In order to meet the needs for all our user groups, we have had to adopt practices that we believed were necessary to make RSMTool robust. What do we mean by robust software? To be robust, any piece of software must meet the following criteria: the impact of any code change on its accuracy and performance can be measured (well-tested), its documentation is always up-to-date (well-documented), and the software (along with its dependencies) is easily installable by users. For RSMTool, we have leveraged several open-source tools and services to make it meet our definition. We have a comprehensive test suite (>90% code coverage) that we automatically run via continuous integration for any and all changes submitted to the code. We maintain extensive documentation (including multiple real-world tutorials) and any new functionality proposed for RSMTool must include a documentation component that is also reviewed as part of the code review. Finally, we release RSMTool as packages that can be easily installed (via either pip or conda) and all dependencies needed are also automatically installed.
What does ETS hope to achieve by releasing the RSMTool?
The education sector has seen one of the most significant expansions of AI over the last few years with automated scoring of text and speech becoming an increasingly common application of NLP. ETS has long been a leader in the field of automated scoring and, since its inception, has been committed to building fair products and assessments that are designed to serve learners worldwide. By releasing RSMTool, developed in close collaboration between NLP scientists and psychometricians, ETS wants to continue its advocacy for the responsible use of AI in education in a very tangible way; specifically, we want to make it clear that when AI researchers think about the “performance” of an automated scoring system, they should consider not only the standard metrics of prediction accuracy (e.g. Pearson’s correlation) but also those of model fairness. More broadly, we would also like RSMTool to serve as an example of ways in which NLP researchers and psychometricians can and should work together.

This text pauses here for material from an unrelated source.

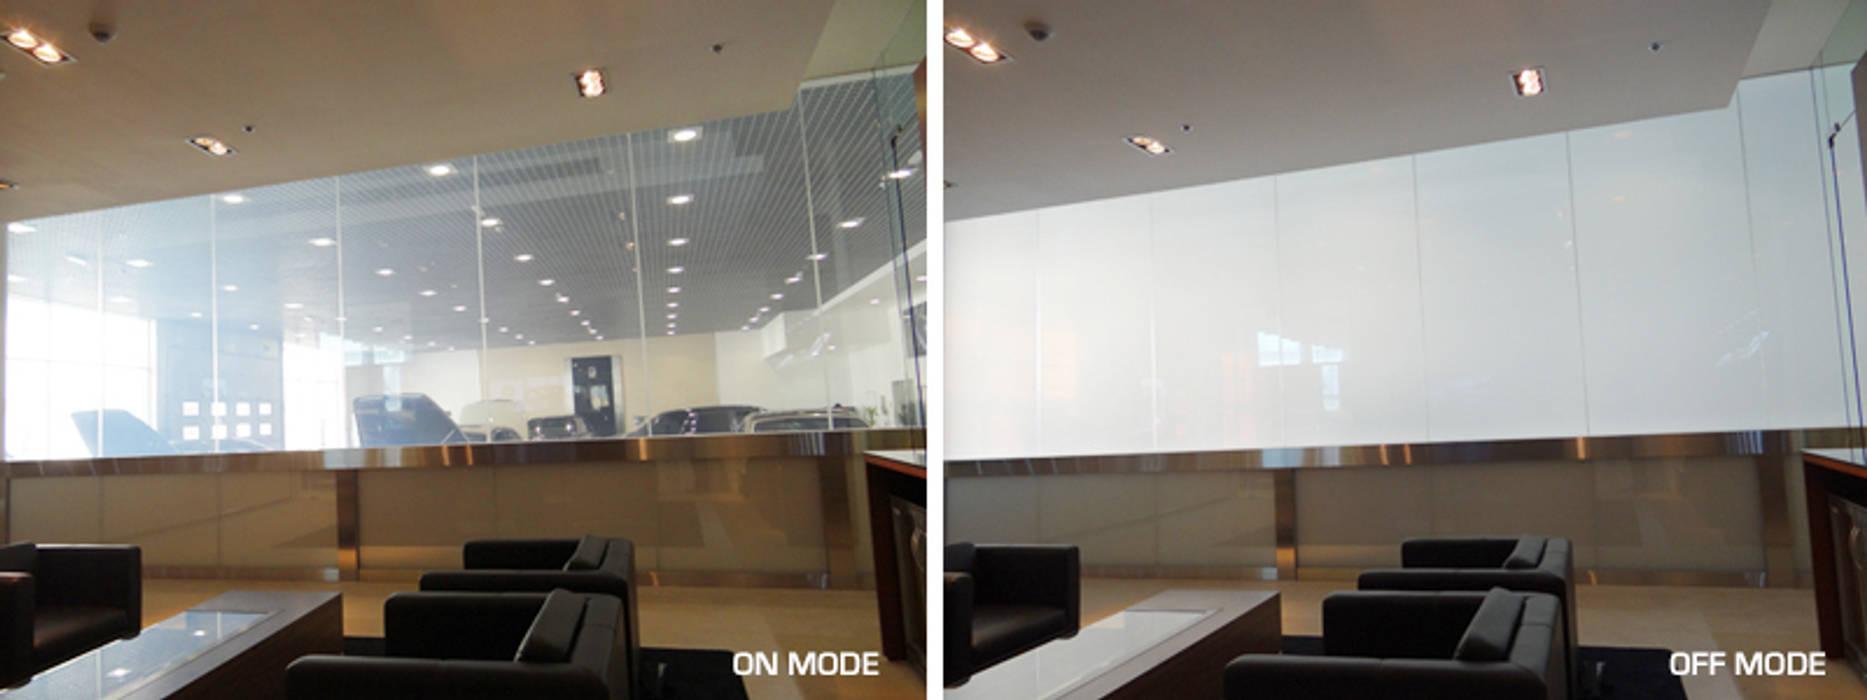 Vidrios de privacidad Concessionarie d'auto moderne

Is there anything else that you would like to share about the RSMTool?
We want to encourage readers to help us improve RSMTool! They do not need to be a psychometrician or an NLP expert to contribute. We have many open issues related to documentation and to Python programming that would be perfect for any beginner to intermediate Python programmer. We also invite contributions to SKLL (Scikit-Learn Laboratory), – another ETS open-source package for efficiently running user-configurable, batched machine learning experiments – that is used underlyingly by RSMTool.